Obstructionist vs. Intensifying Recording, Novices vs. Experts, and Google Glass

Point: Don Norman on Google Glass. Read also I Go To A Sixth Grade Play, which is spot on. In theory, you can record everything and live totally seamlessly and not just miss a large portion of your life. In practice, we'll keep futzing with cheap, poor imitations, destroying the experience itself to get a recording nobody will ever watch. We're obstructing the experience by recording; it is possible to intensify it, as by a master photographer or artist, but we are usually not doing that.

Really killer point:
Probably we've all seen a wedding reception, an event meant to be full of spontaneous expressions of joy, transformed by the photographer into a series of staged events. “Kiss the bride.” “Again, please.” “Cut a piece of the wedding cake.” “Each of you feed the other.” “All you spectators, move out of the way of the camera.” It is amazing how tolerant we have become of this manipulation of the experience: the act of recording taking precedence over the event.

Interesting side question: why do we want all these recordings? why do we cling so hard to keeping certain moments? Fairly certain this is a Deep Question. (or a question with a simple answer, but a difficult problem to solve.)

Counterpoint: Thad Starner explains it himself. Farhad Manjoo agrees. The computer can get fully out of your way, allowing you to experience and record in real time. (we've always been able to experience OR record; the AND is the real trick.)
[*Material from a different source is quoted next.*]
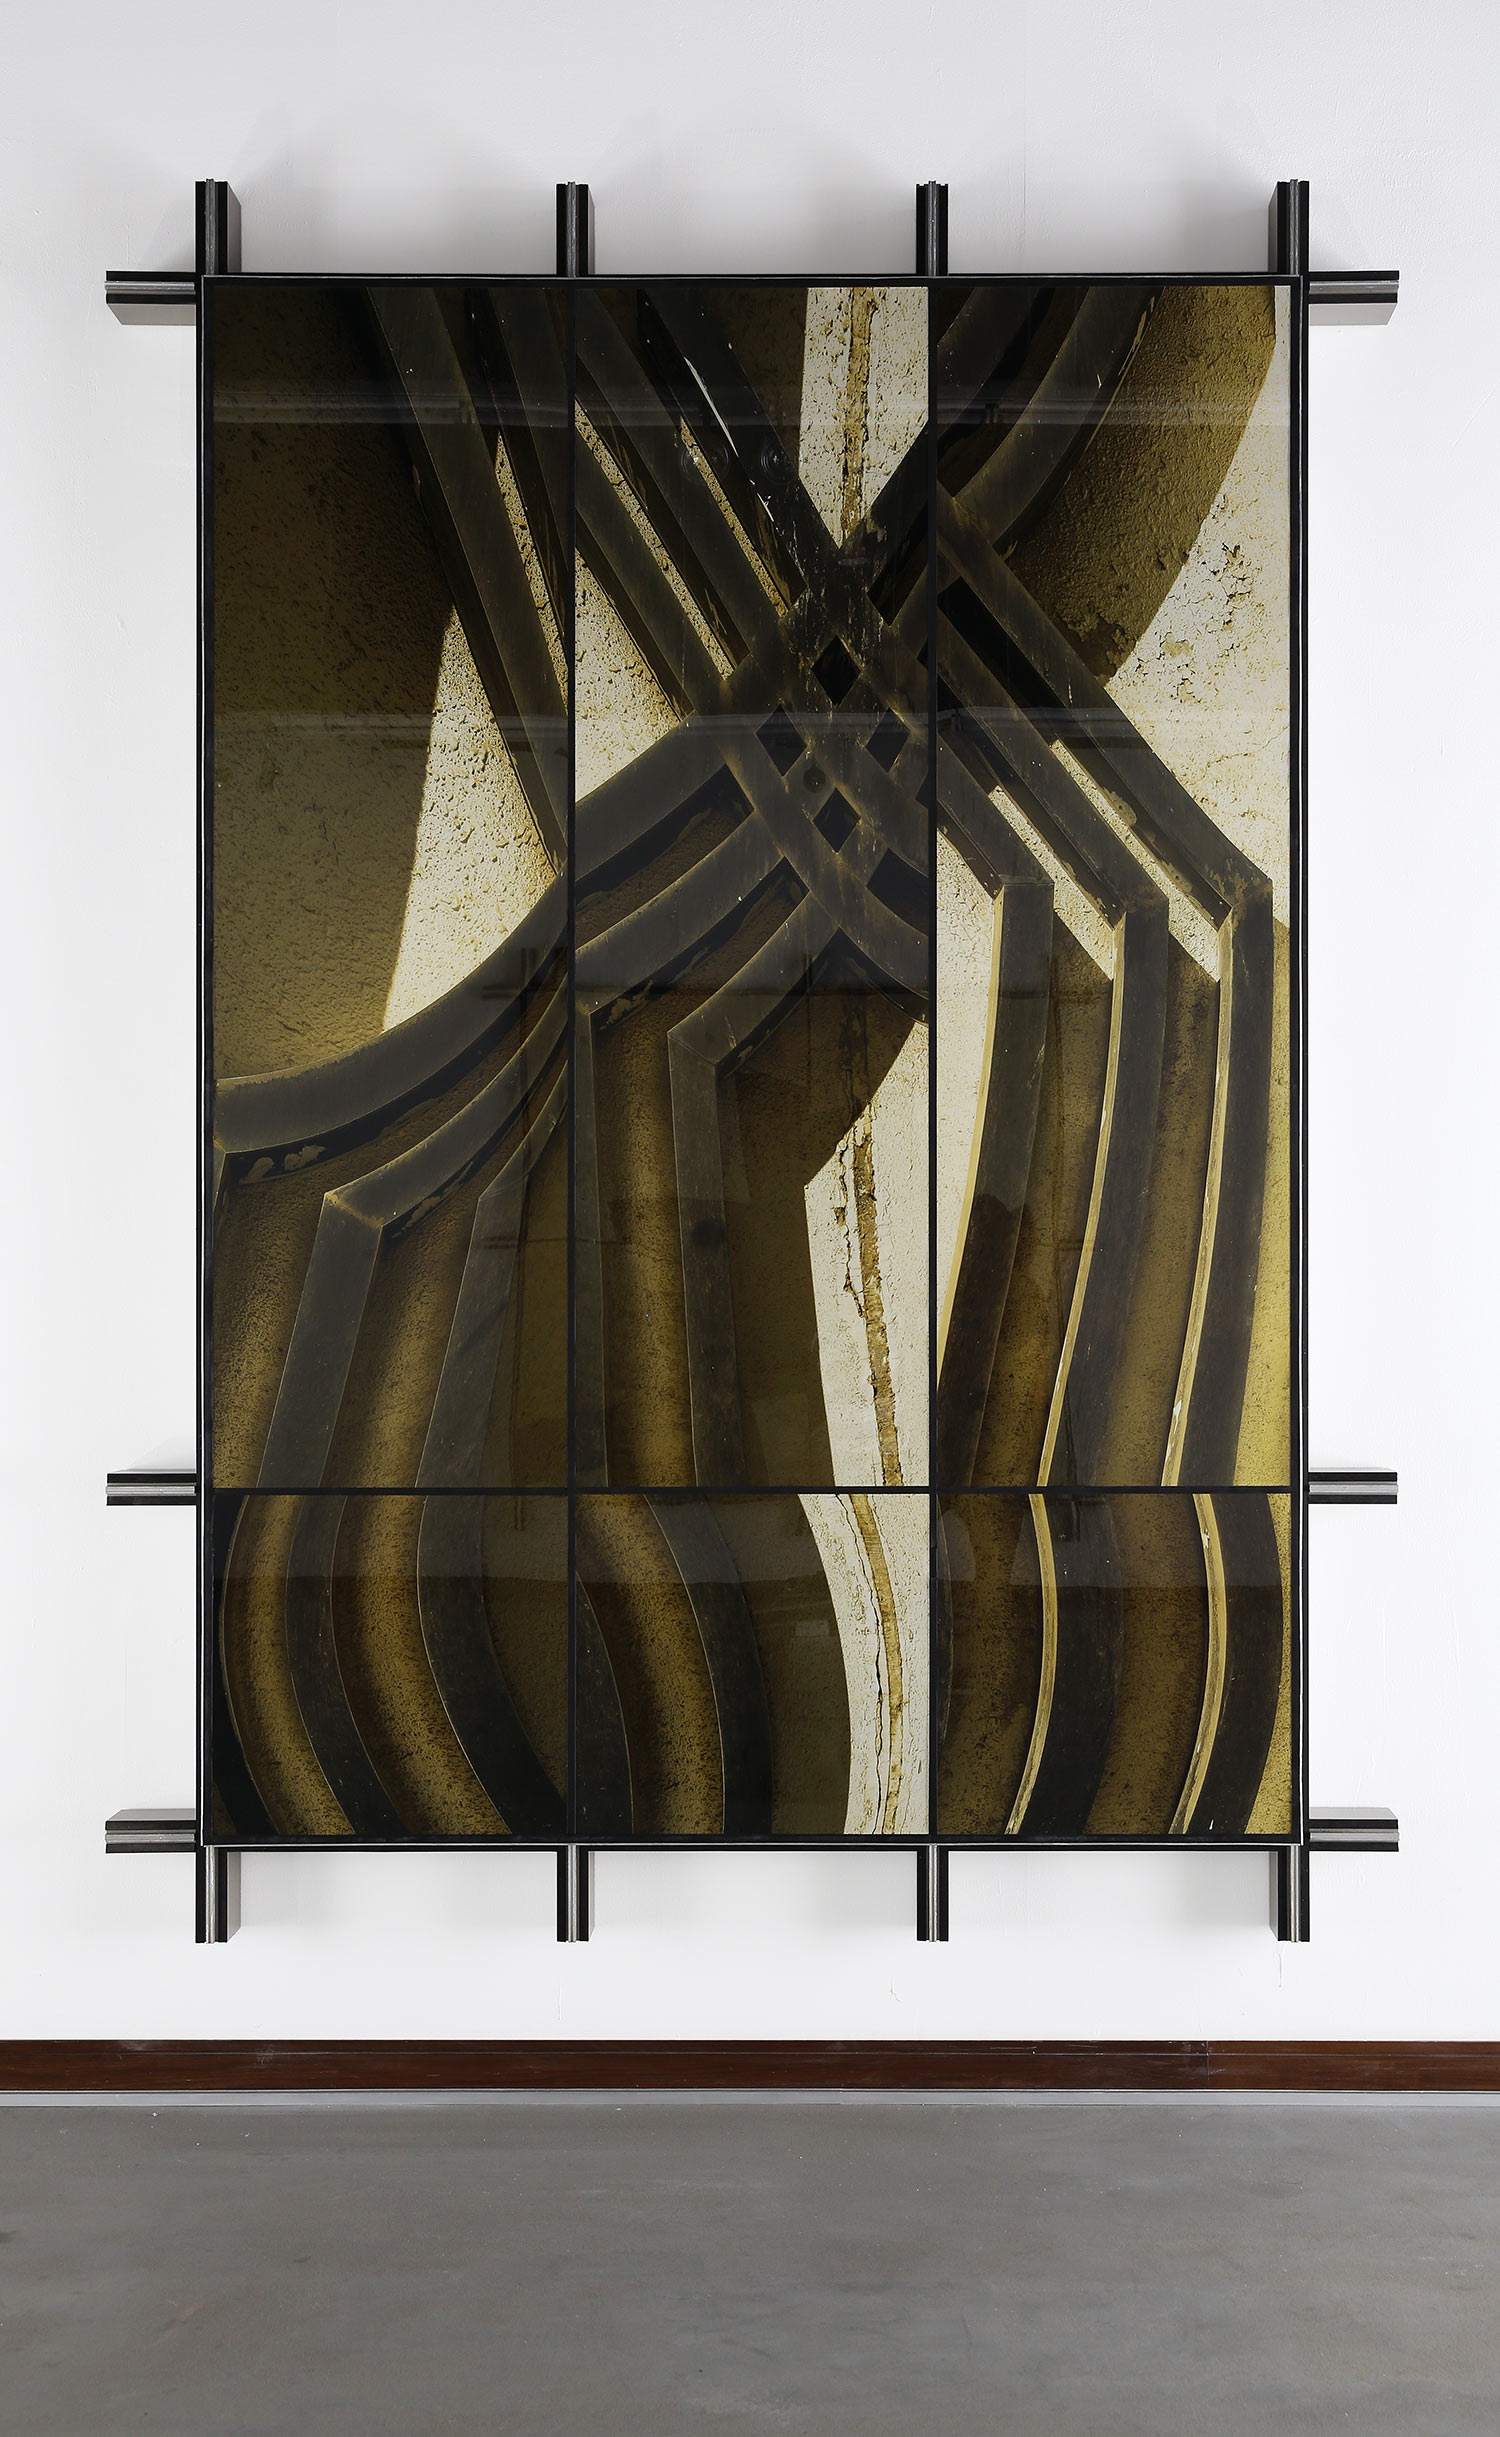   Facade No.2 , 2014  297 cm x 220 cm x 14 cm

But look at Thad's devices vs. Glass. He's got a Twiddler one-handed keyboard, he's been taking notes and pulling things up on the fly for 20 years, he is an expert at wearable computing. If Glass becomes a mainstream thing, we'll run out to the Google Store and buy it to show off to our friends tomorrow. He's an experienced photographer with a DSLR; most of us will be chumps with point-and-shoots. (or, chumps with DSLRs, pretty much the same thing.) Which means we'll have obstructionist artifacts, not intensifying ones. And they'll be on our faces!
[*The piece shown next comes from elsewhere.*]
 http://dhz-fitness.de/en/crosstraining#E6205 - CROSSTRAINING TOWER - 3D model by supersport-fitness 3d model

"Not a math person" in HCI

"Math is the area where America's 'fallacy of inborn ability' is the most entrenched."

"I'm not a math person" is an unfortunate sentiment that lots of kids echo when they're grumbling through homework, explaining bad grades, or choosing majors. Other people (like the above) have pointed out why this is Not a Great Thing more eloquently than I.
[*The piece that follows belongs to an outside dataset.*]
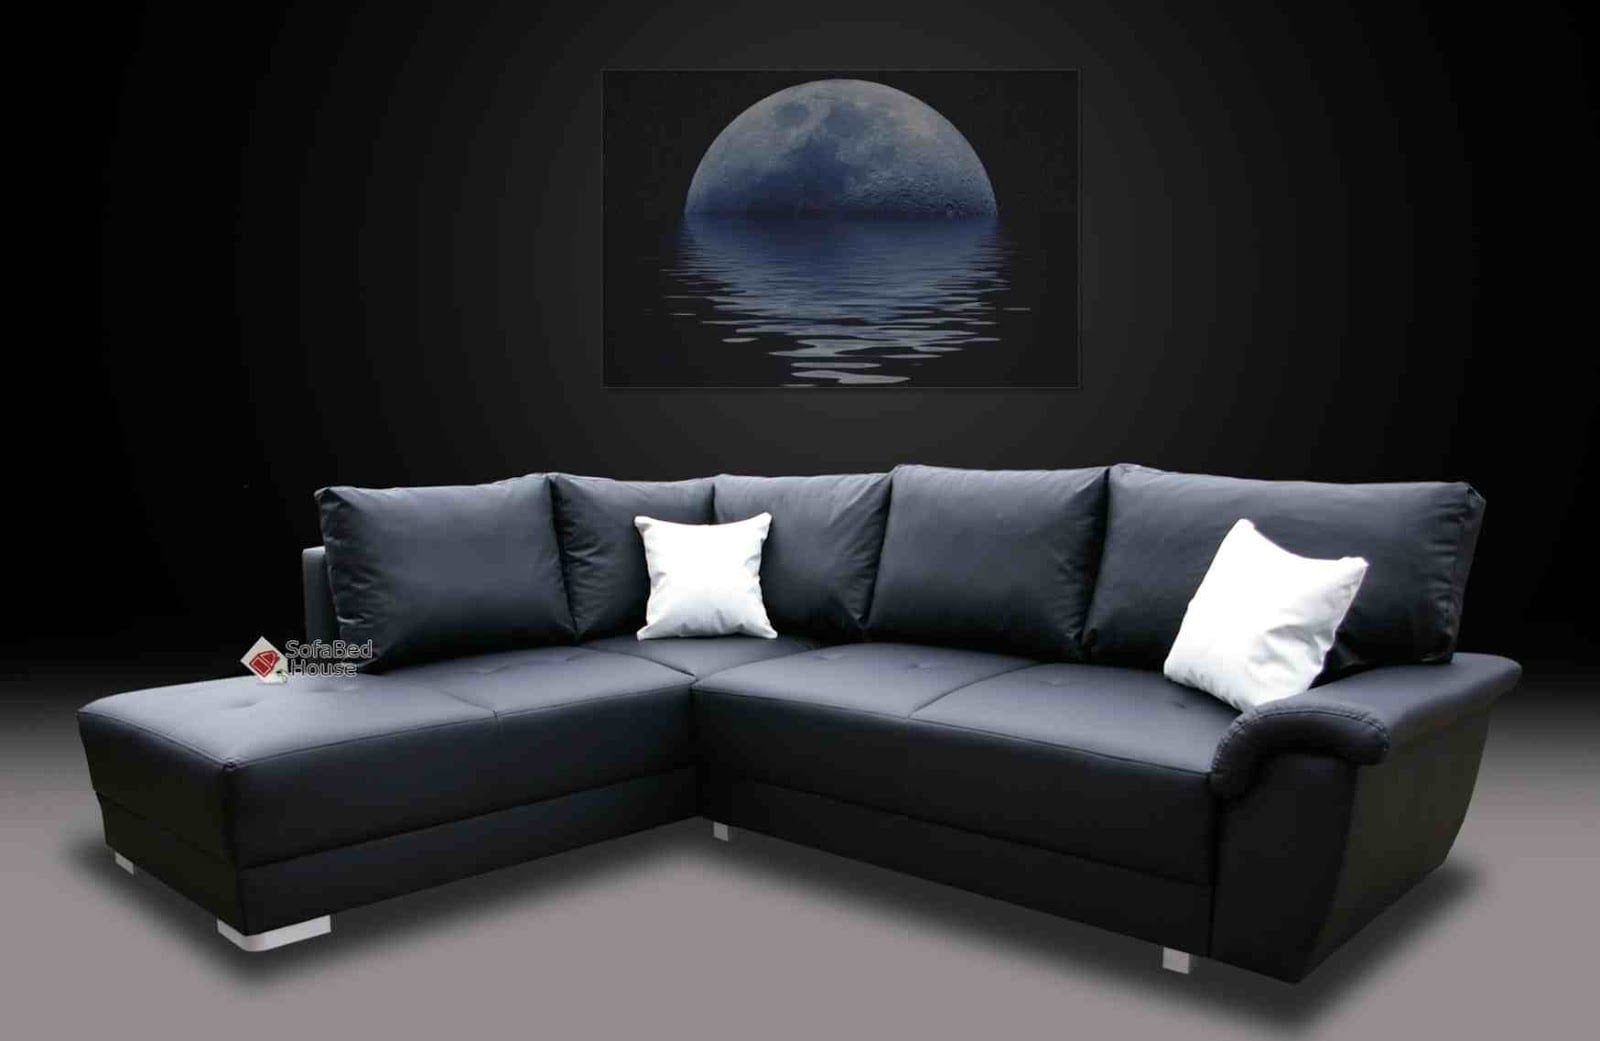 85 Ide Cantik Gambar Model Sofa Bed Minimalis Ini Bikin Indah Ruang Tamu Paling Terkenal

HCI kind of lives between CS, Design, and Psych/Cognitive Science. It's so new, nobody's totally clear on what the whole scope of the field is, and indeed, maybe that's a dumb question. It's also so broad; anything where humans and computers interact. What's submitted to UIST will be totally different than something submitted to CSCW. As a result, everyone (at least at CMU) is an HCI student, but also (and sometimes primarily) a computer scientist, a designer, or a psychologist.

Point: this influences people to stay in their "major", rather than approach problems cross-disciplinarily.

Counterpoint: well, we humans need to categorize things somehow, in order to understand, for example, what certain professors or students work on.

Point: Fine, I guess. But be very clear when you're pigeonholing people, and do it as rarely as possible.